Toplum Çalışmaları Enstitüsü Yönetim Kurulu üyesi Oğuz Atalay, ekonomi politikalarının enflasyonla mücadelede yetersiz kaldığını ve yükün alt ve orta gelir grubuna ağır geldiğini belirtti. Enflasyonu 4-6 puan arasında azaltabilecek politika önerilerini sıraladı.
Mayıs 2023 seçimlerinden sonra yıllık enflasyonun yüzde 39,59 seviyesinde olduğu hatırlatılan analizde, iki yıl sonra bu oranın yüzde 37,86’ya gerilediği bildirildi. Enflasyonun yüzde 75,45’e kadar yükseldiği ancak kalıcı bir düşüş sağlanamadığı vurgulandı. Türkiye Cumhuriyet Merkez Bankası’nın (TCMB) faiz artışlarına işaret edildi ve Atalay, para politikasında sıkılaşmaya rağmen baz ve geniş para artış oranlarının düşük kalmasının politikanın etkinliğini sorgulattığını belirtti.
‘YÜK ALT VE ORTA GELİR GRUBUNDA’
Atalay, sıkılaştırıcı para politikalarının ekonomik durgunluk ve likidite sıkışıklığına yol açarken, mali politika tarafının eksik kaldığını savundu. 2025 Nisan ayı bütçe gerçekleşmeleri incelendiğinde bütçe giderlerinin yüzde 46,3 artış gösterdiği, faiz giderlerindeki artışın ise rekor seviyede yükseldiği belirtildi. İlk dört ayda faiz giderlerindeki artışın bütçe açığının istenilen seviyelere ulaşamadığını ve mali disiplinin sağlanamadığını ortaya koyduğu ifade edildi.
Atalay, Hazine ve Maliye Bakanı Mehmet Şimşek‘in vergi politikalarının altında yatan nedenin bütçe dengesizliği olduğuna dikkat çekerek, “Politikaların yükü alt ve orta gelir grubuna binmekte ve bu kesimin sorunlarına çözüm üretilememektedir” şeklinde konuştu.

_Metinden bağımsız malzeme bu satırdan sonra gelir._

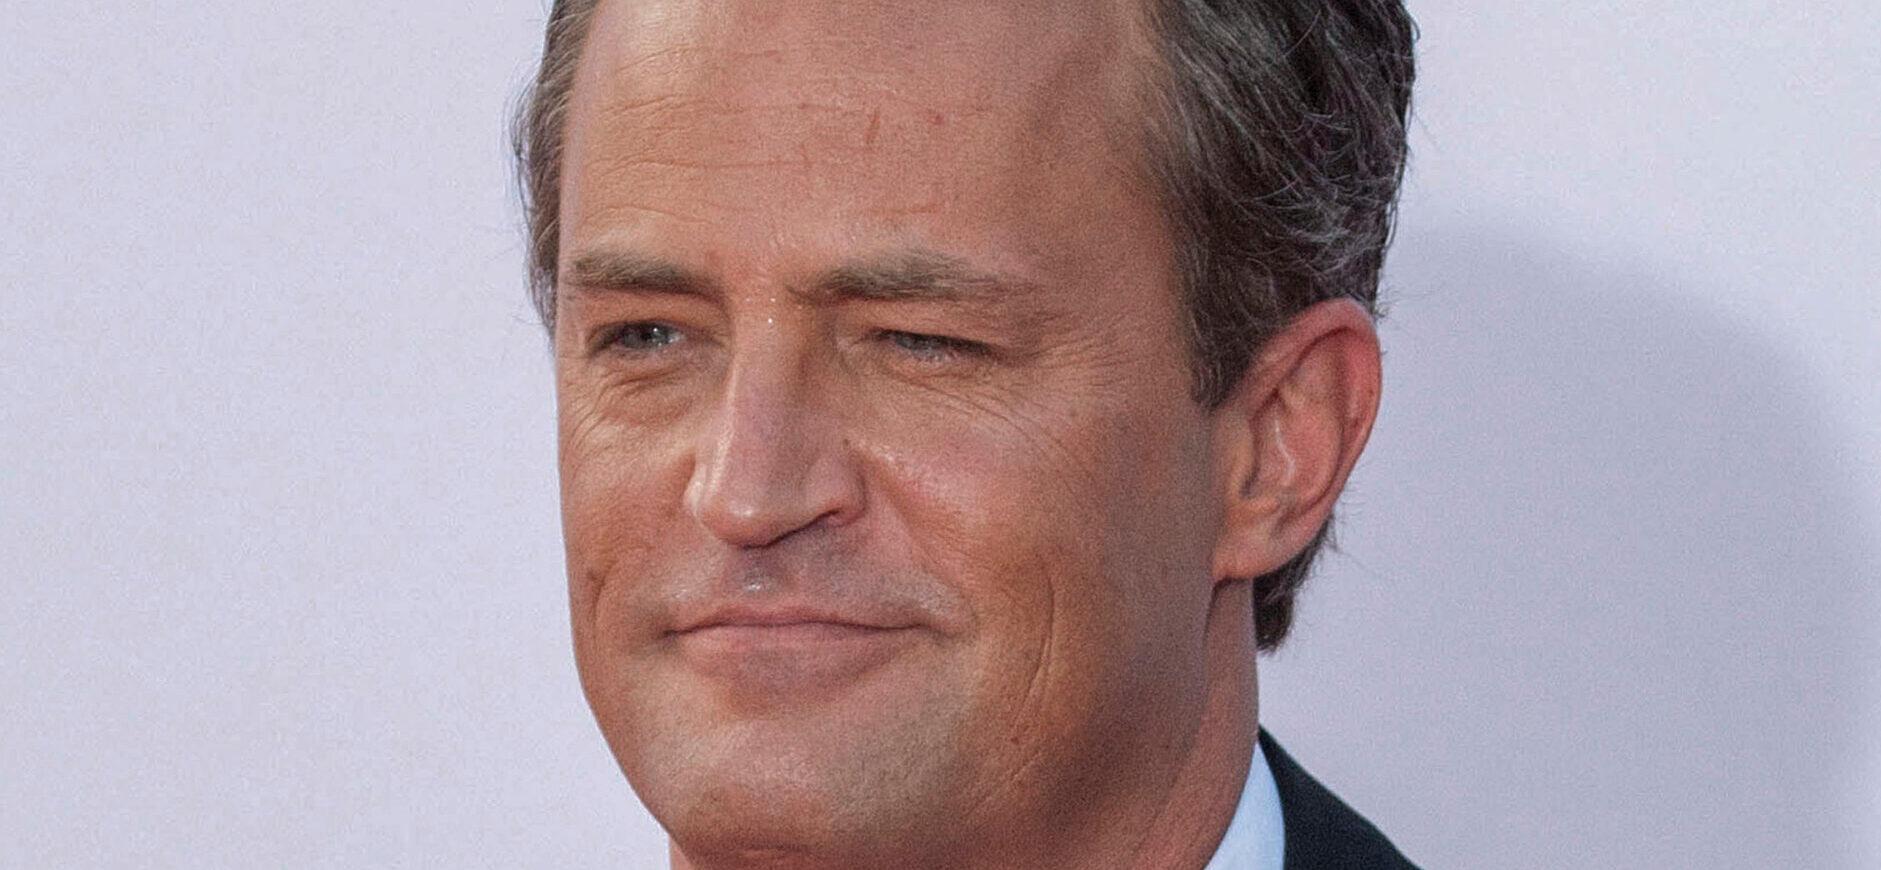 Ketamine Expert Claims Matthew Perry ‘Did Himself In’ Prior To Death

‘VERGİ YÜKÜ DENGELİ DAĞITILMALI’
Toplum Çalışmaları Enstitüsü, ekonomik darboğazdan çıkış ve alt-orta gelir gruplarının alım gücünü artırmak için şu politika önerilerini sundu:
- Alt ve orta gelir grubunun alım gücünü artırmak ve bu grubun vergi yüklerini hafifletmek için ilk vergi diliminin sınırının 2 kat, ikinci vergi diliminin sınırının 3 kat artırılması gerekmektedir.
- Mevduat faiz gelirlerinde oranlı vergilendirme yapılmalı ve yüksek tasarruf sahiplerinden daha fazla vergi alınmalıdır.
- Mevduat faiz geliri elde edenlerin belirli oranda devlet tahvili bulundurması zorunlu tutulmalı ve vadede vergi teşviki olmalıdır.
- Reel getiri garantili ve enflasyona endeksli tahvillerin yaygınlaştırılması gerekmektedir.
- Boş konutlara ilave vergi getirilmeli ve çoklu konut sahipliği artırılan oranlı vergiye tabi olmalıdır.
- Gelir-harcama uyumsuzluğu üzerinden otomatik vergi getirilmelidir.
- Kredi kartı ile yapılan yurtdışı harcamalara harcama tutarına göre artan oranlı vergi getirilmelidir.
‘ENFLASYON DÜŞEBİLİR’
Atalay, önerilerin hayata geçirilmesi durumunda enflasyonun 4-6 puan düşebileceğini ve alt-orta gelir grubunun rahatlayabileceği bir sürece girilebileceğini belirtti. Enflasyonun düşmemesinin nedeninin yüksek gelir grubunun harcama alışkanlıklarını değiştirmemesi ve TL’ye olan güven eksikliği olduğuna dikkat çekti. Atalay, “Verginin tavana yayıldığı bir modele geçmek gerekiyor” dedi.